6 responses to “SPC – Using statistics to get insight from BI

  1. Thanks for posting this, I was looking for a few ROI methods for a BI/DW project!

    I have got to check out your blog more often.

    -Will Banks


  2. Thanks for posting. Only just come across your blog, really interesting. Will subscribe to you now….cheers


  3. Hi Maloy,

    I also work in BI and I am very interested in the addition of SPC to the BI tools. I think it’s very important and will be helpful. I have worked with Universe Designer/Web Intelligence as well as Excelcius and have not come across the SPC aspect. Is is a new addition or new tool?


    • Alex,
      SPC (Statistical Process Control) is a set of processes used to measure probability, statistics and in general to “control” the process. Most BI vendors do not have this in their toolset except for notable exceptions of SAS and WPC. There is a new wave of adding what is called “predictive analytics” to the existing product offerings by most vendors – this would probably contain some SPC tools e.g. control charts.



  4. You eluded to SAP Business Objects having some SPC modules in their products. I have not bumped into them. Could you point me in the right direction please?


  5. Maloy,

    My company, Sight Software, exists to solve the problem with BI that you have written about.

    We call it Process Intelligence, which is a hybrid of BI and statistical software.

    A number of thoughts come to mind:

    (1) Analytic Relativism: What BI vendors would like users to believe is that data analysis does not require methods. I call it analytic relativism because BI tells the user: “if you see a signal, then it exists.” At its heart Six Sigma (SPC wrapped in a deployment methodology) is a method of data analysis. The method rests on universally-accepted standards, which tell the user “if you can measure a signal, then it exists.” (I call this analytic universalism).

    (2) Distributions. Proper data analysis is an exercise in separating signals from noise. You can’t separate signals from noise without distributions. The big problem in adapting BI to good methods of data analysis is that BI is poorly equipped to handle data distributions. This is a fundamental problem with the OLAP cube. We had to build a new analytic engine (“Cubeless OLAP”) which is equipped to handle data distributions.

    (3) Error-proof Analysis. The problem with stat packages (JMP, Minitab, etc.) are two-fold: (a) users need to move data into them. So now a user must know about the data warehouse and SQL. (b) The user must also know statistics, because stat tools are essentially very dumb. They require the user to be smart enough to not only reformat the data, but to understand which tool among hundreds applies in the situation at hand. It should be obvious that very few people have both these skills. So what we’ve tried to accomplish in Process Intelligence is to error-proof the analysis. In short, when a user asks a business question, we’ve made the software smart enough to go get the appropriate statistical tool. And, we’ve made the presentation of visual and easy. If BI tries to do this without changing the architecture, it must bolt on a stat package-like interface. So maybe the user doesn’t have to move the data around so much, but they still must be smart enough to run a stat package.

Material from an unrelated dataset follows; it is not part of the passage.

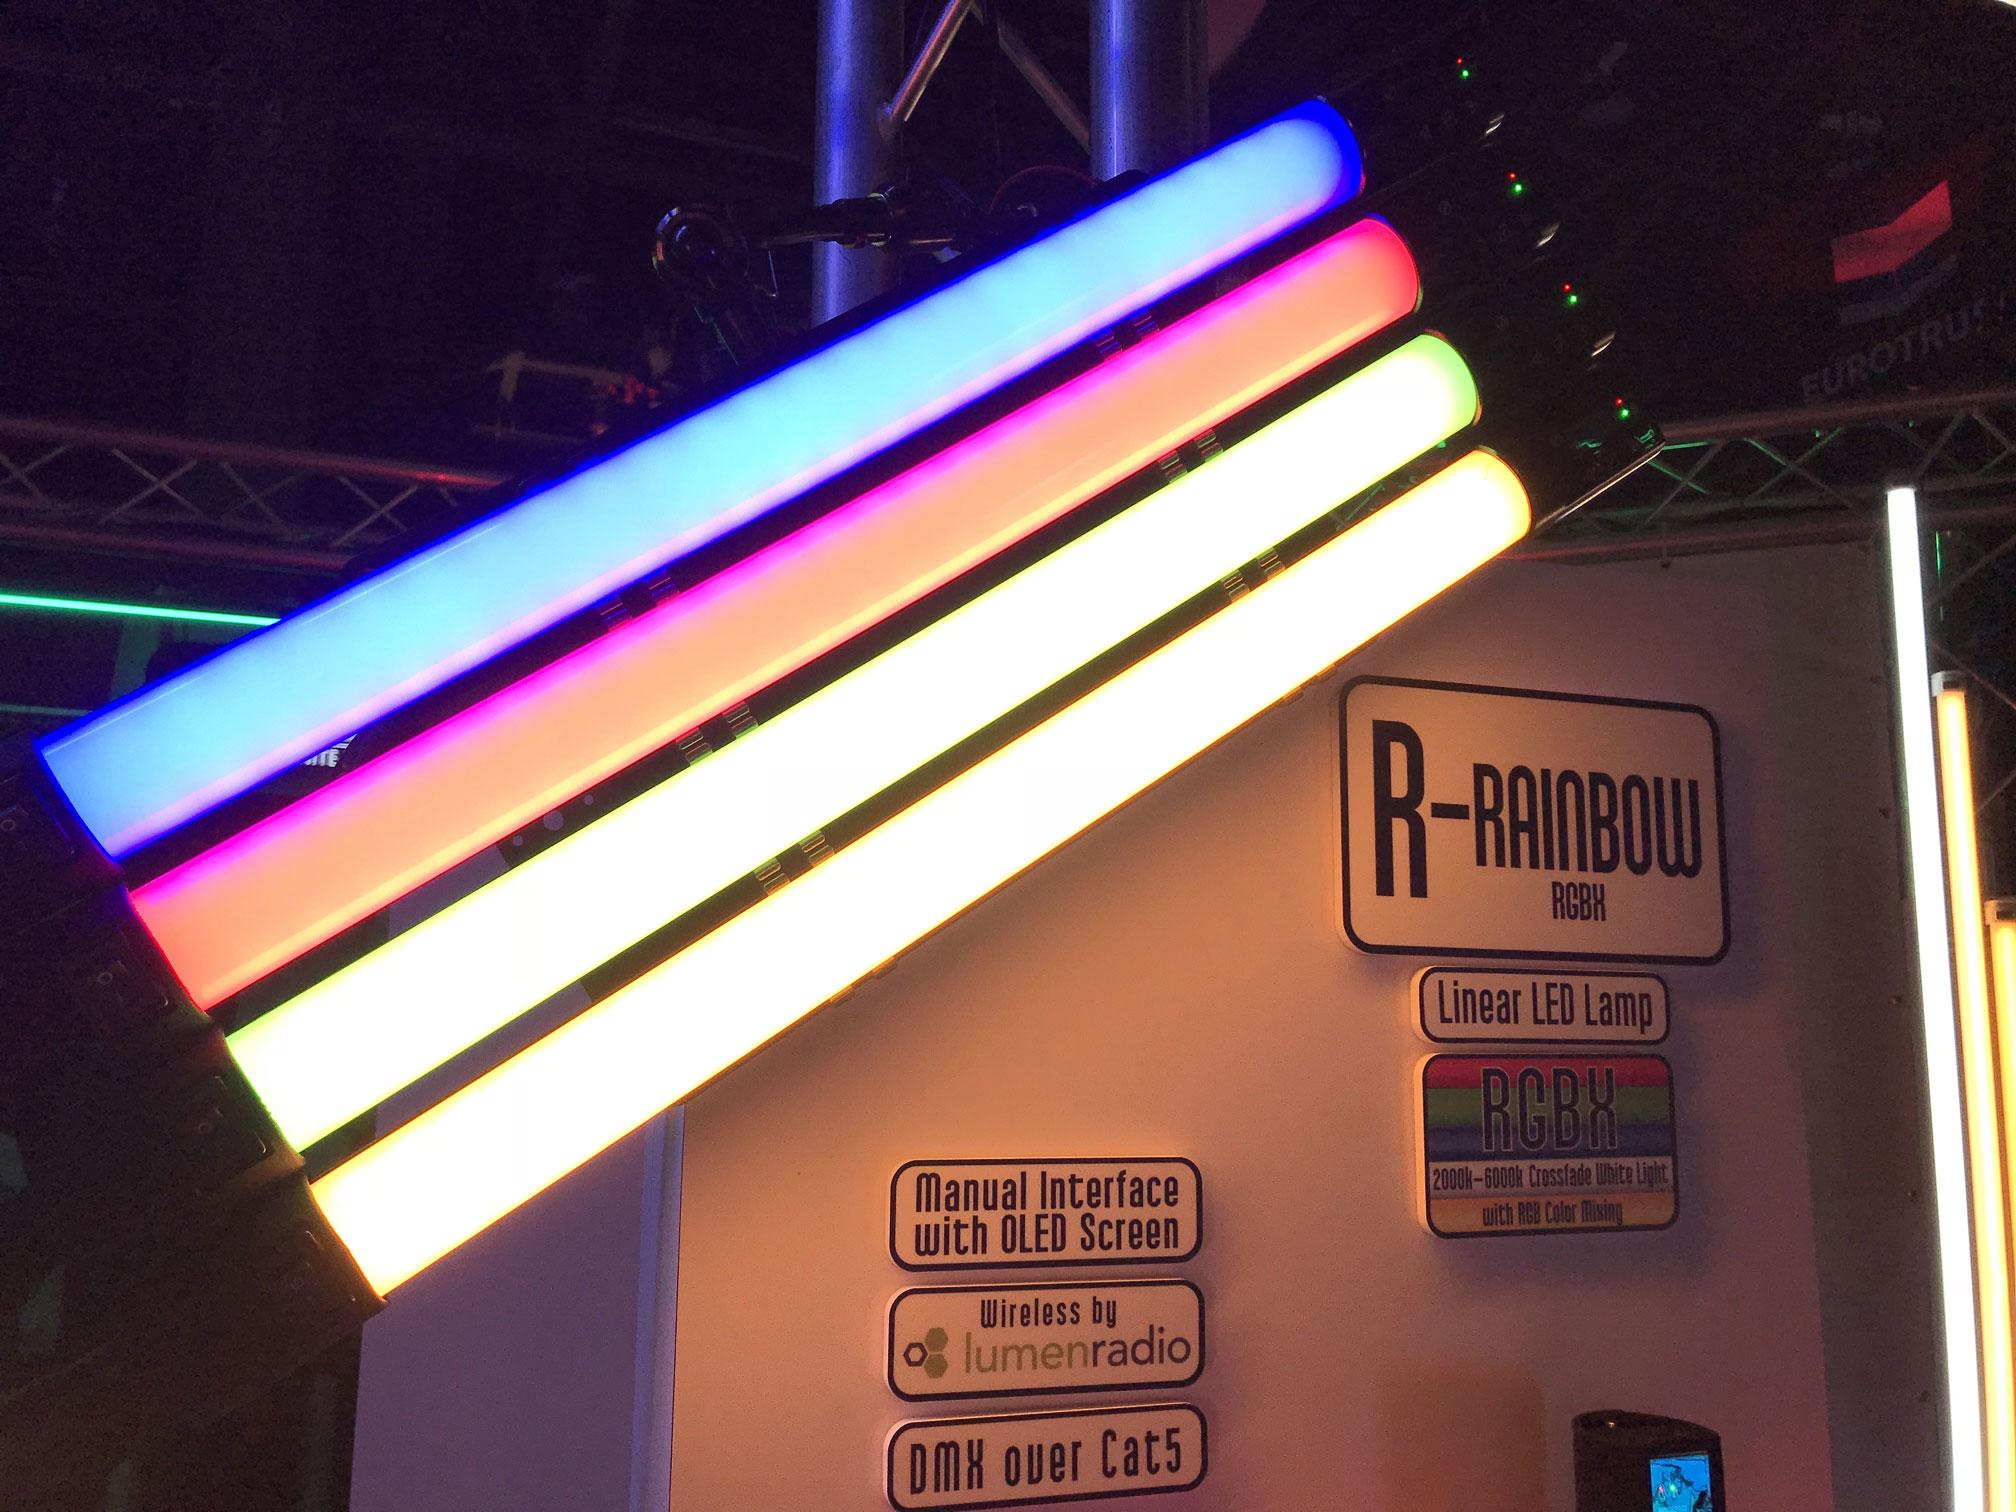 Quasar Science Q-LED Rainbow RGBX

    (4) Process Flow. Where BI really falls down is when the underlying system in question is one of process flow. The quick and dirty definition of process flow is “where there are log files there is flow.” Process improvement–which is afterall the goal of analysis–requires a detailed understanding of flow. This requires handling log files, which represent time. BI has trouble with time because it wants to store & analyze discreet summary values in the OLAP cube. This is not the proper way to analyze movement.

    OK, enough said.

    Thanks for raising this issue. I have been discouraged that there is not greater awareness of the problem of the lack of good data analysis methods in BI. I believe it is the reason that BI is fairly ineffective. Without good methods, users can’t really tell what needs attention.